> **Data below**

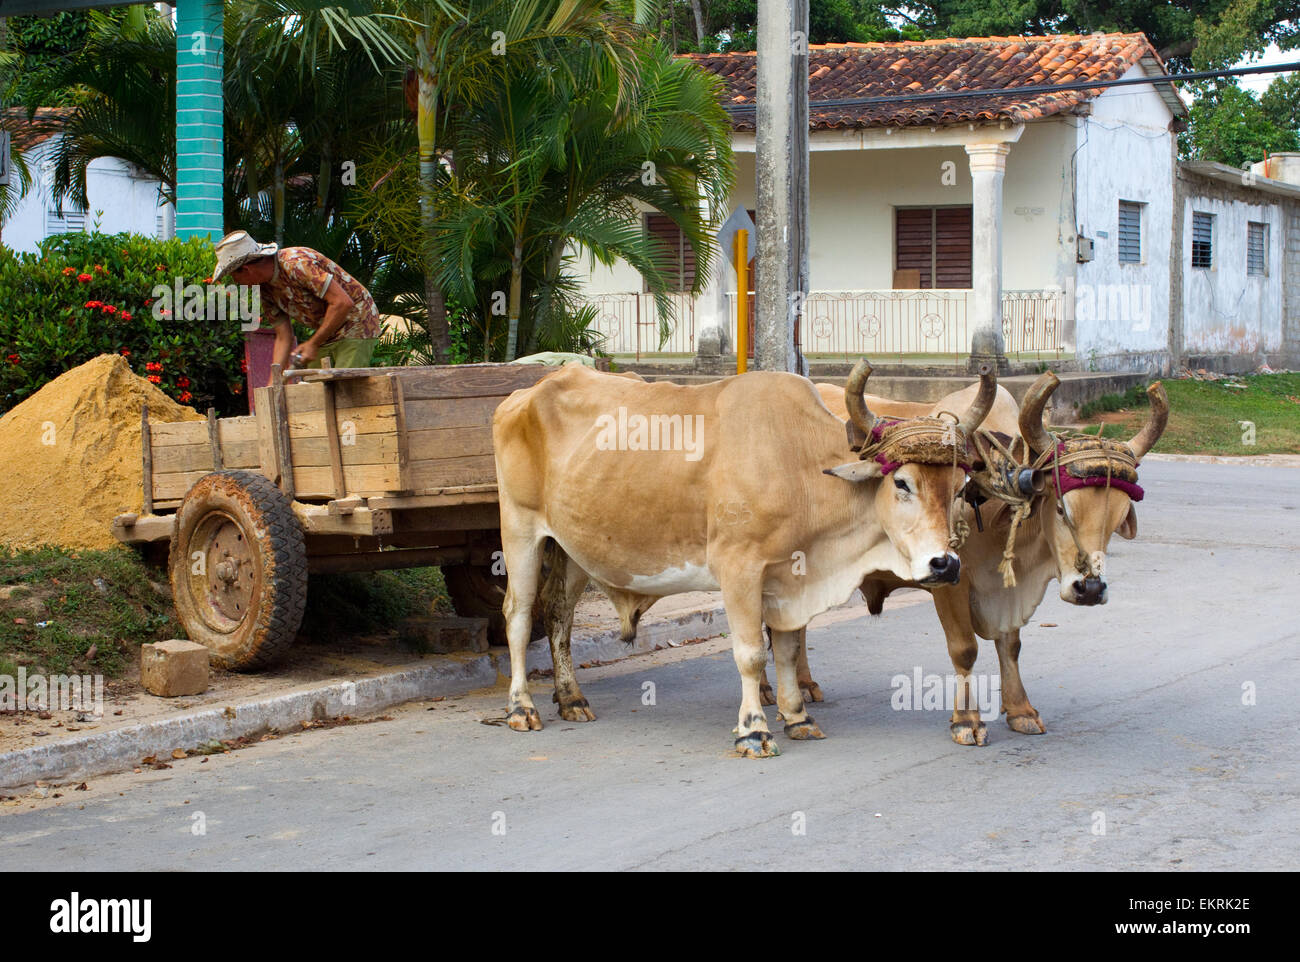 Déchargement de sable Workman chariot tiré par des bœufs dans la région de Vinales, Cuba Banque D'Images
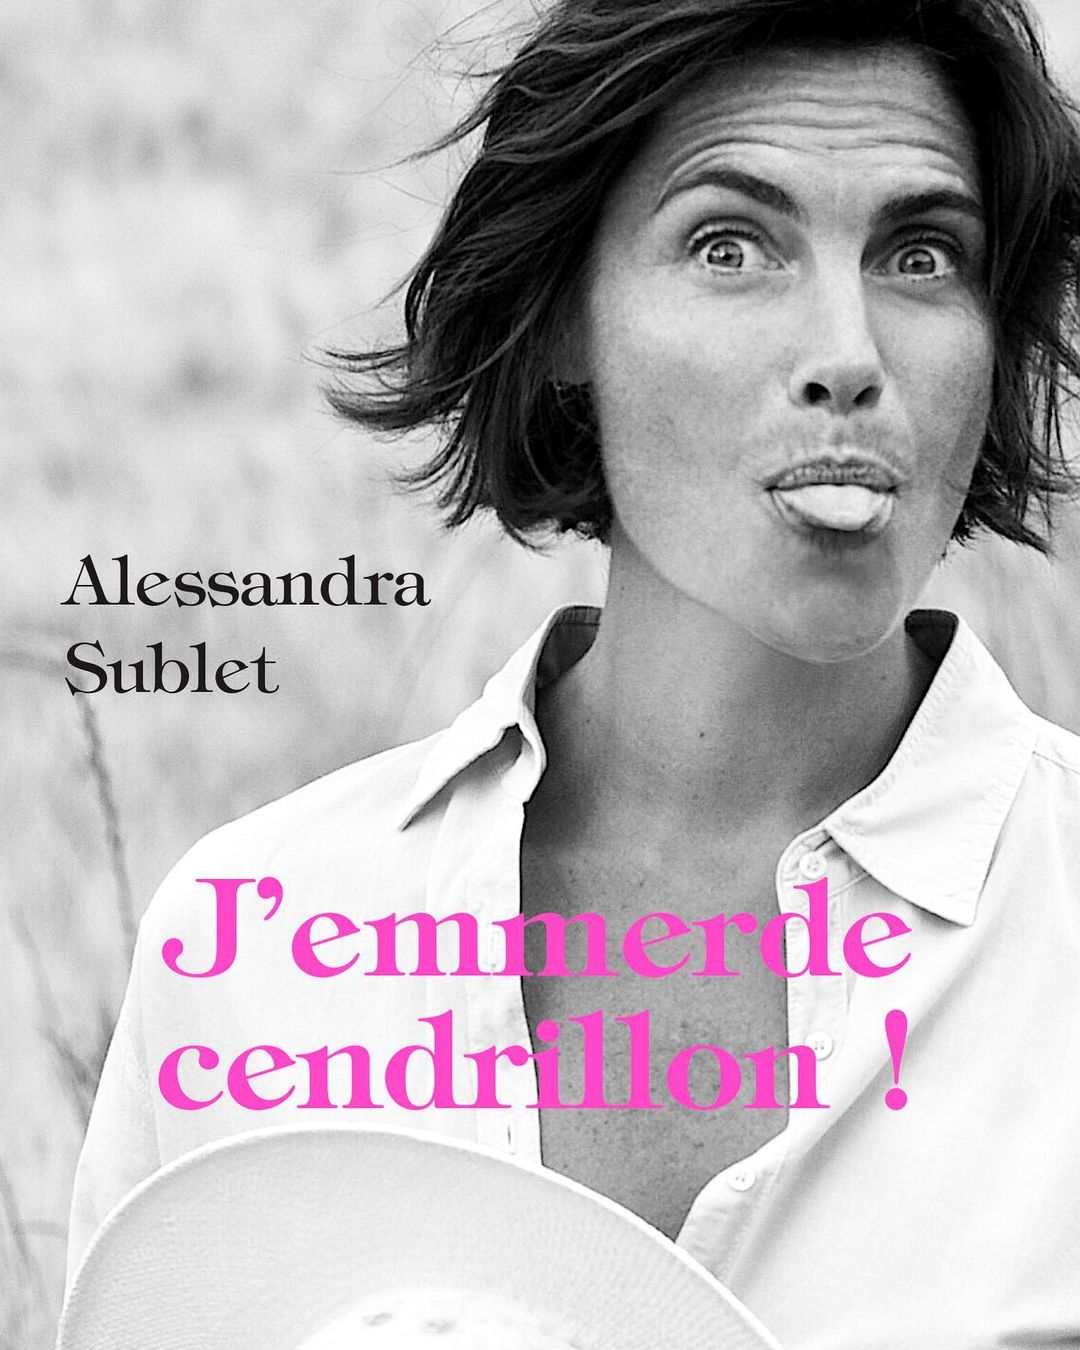 Alessandra Sublet évoque sa relation avec un tennisman ! " Il est mon ticket pour l’aventure"
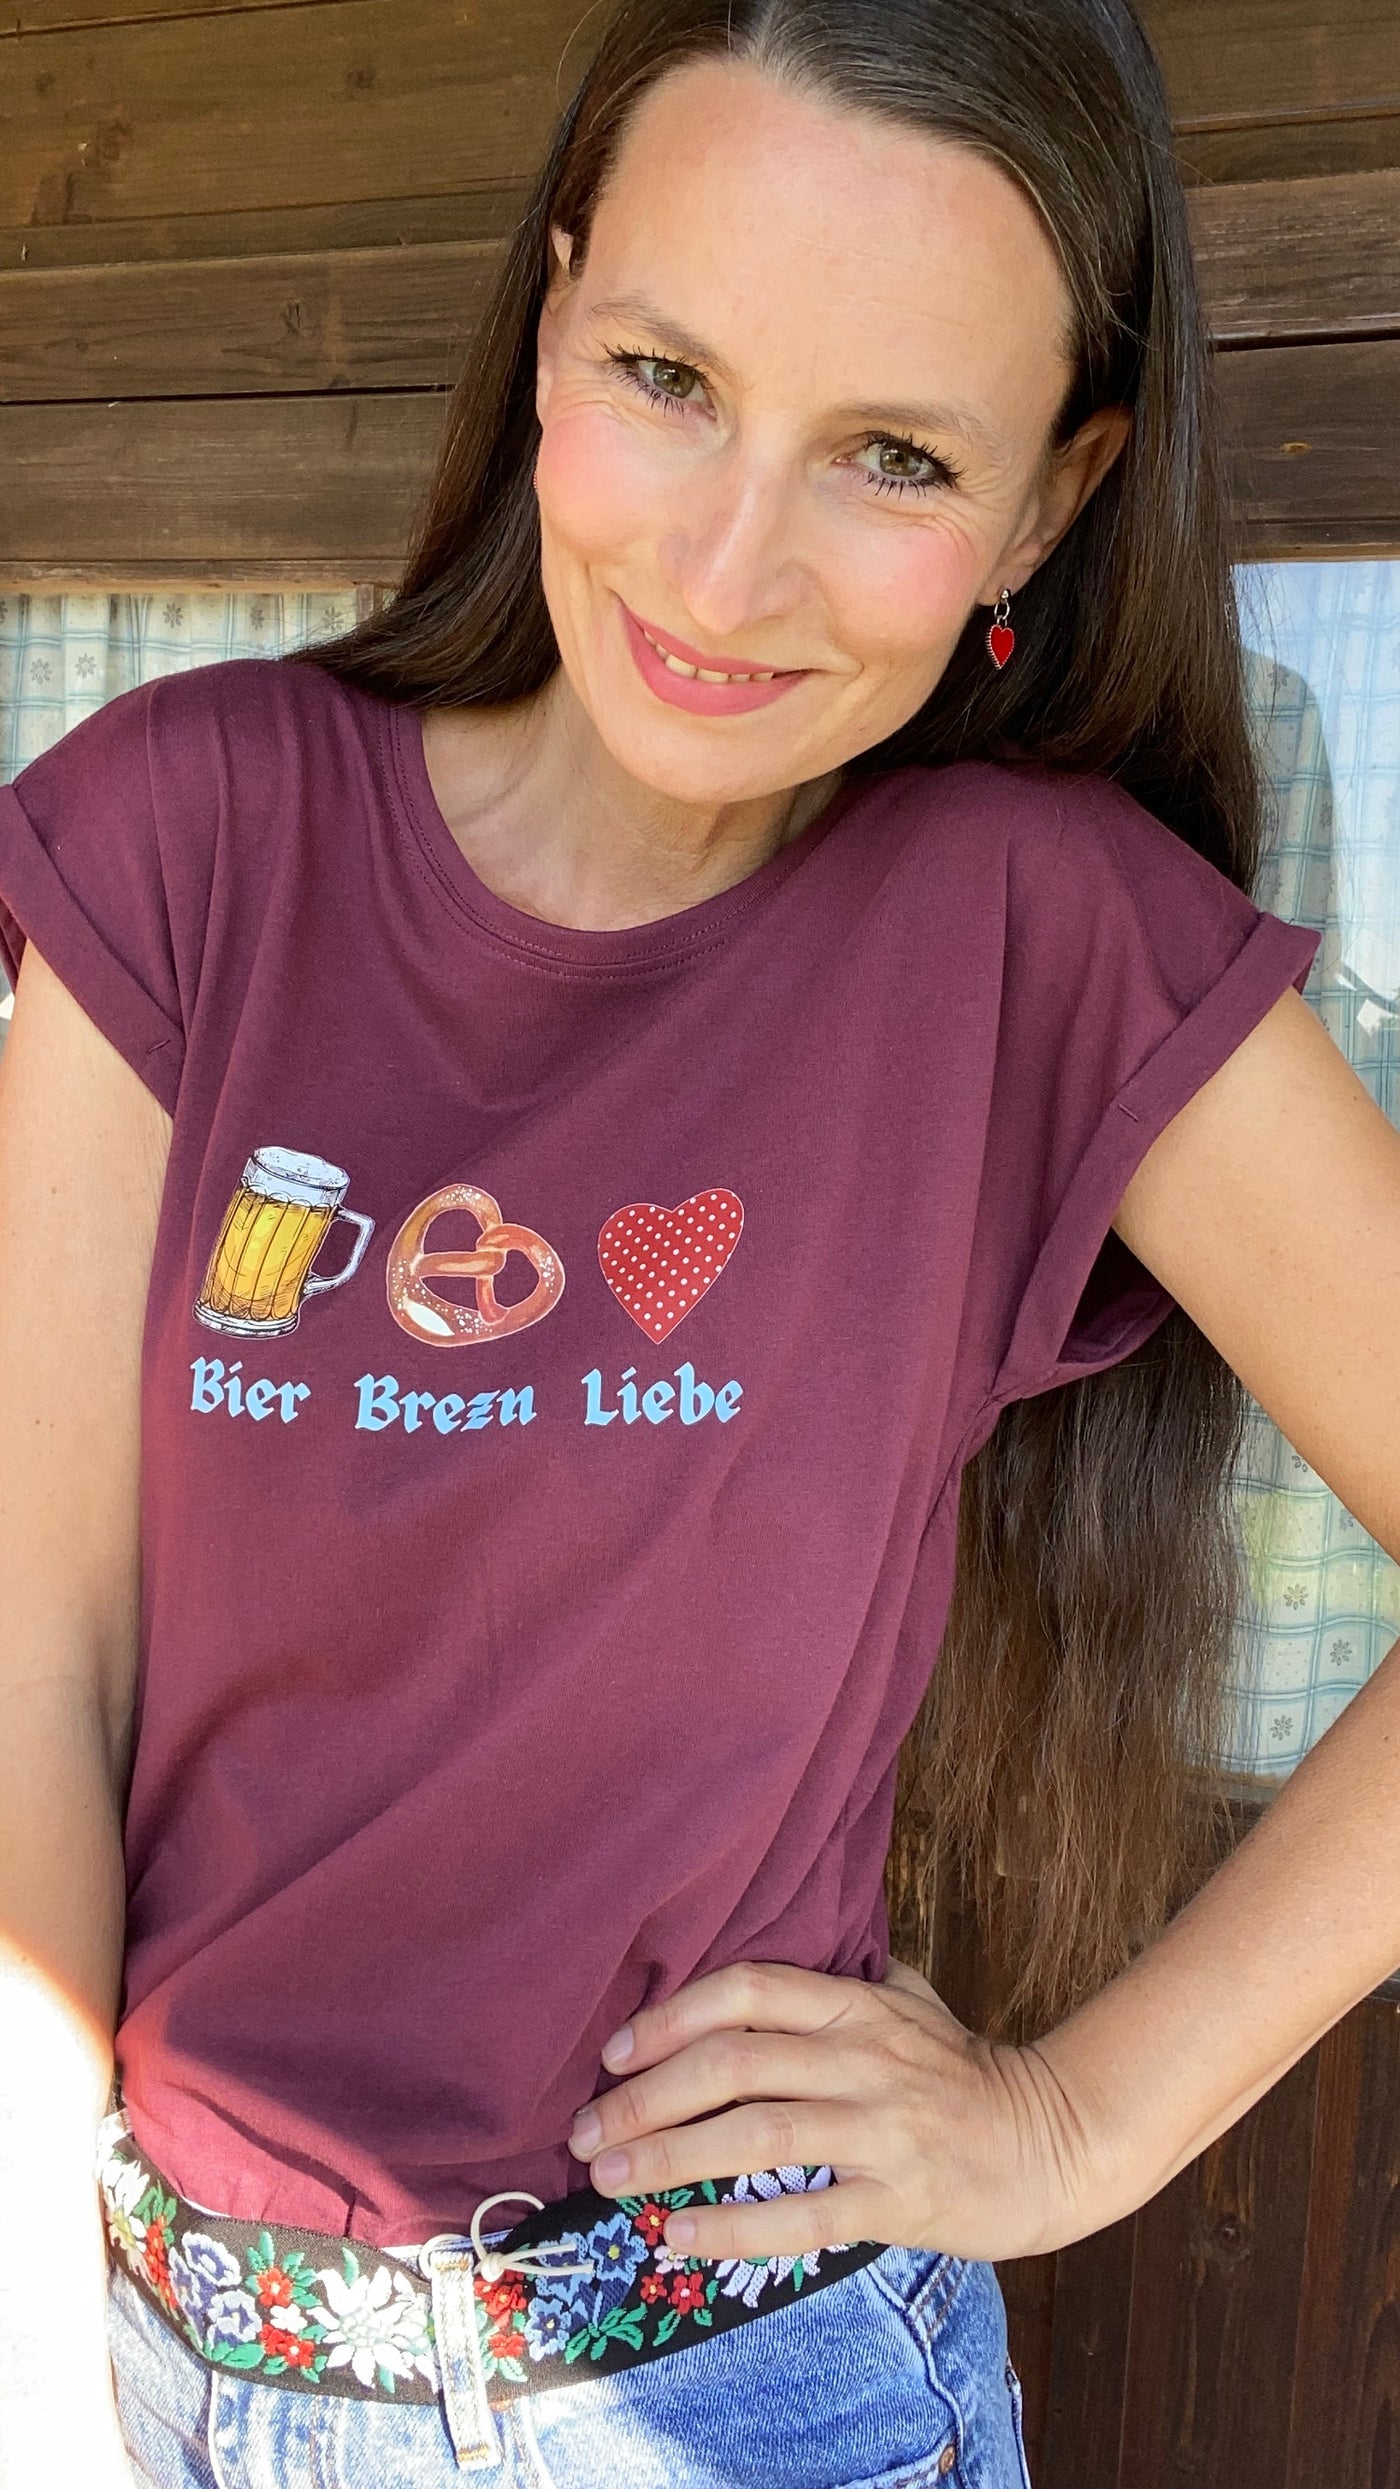 Bier Brezel Liebe T-Shirt in der Farbe lila

> **Assigned task**
Please return all of the material above exactly, minus any pictures.

> **Answer to the exercise**
 Déchargement de sable Workman chariot tiré par des bœufs dans la région de Vinales, Cuba Banque D'Images
 Alessandra Sublet évoque sa relation avec un tennisman ! " Il est mon ticket pour l’aventure"
 Bier Brezel Liebe T-Shirt in der Farbe lila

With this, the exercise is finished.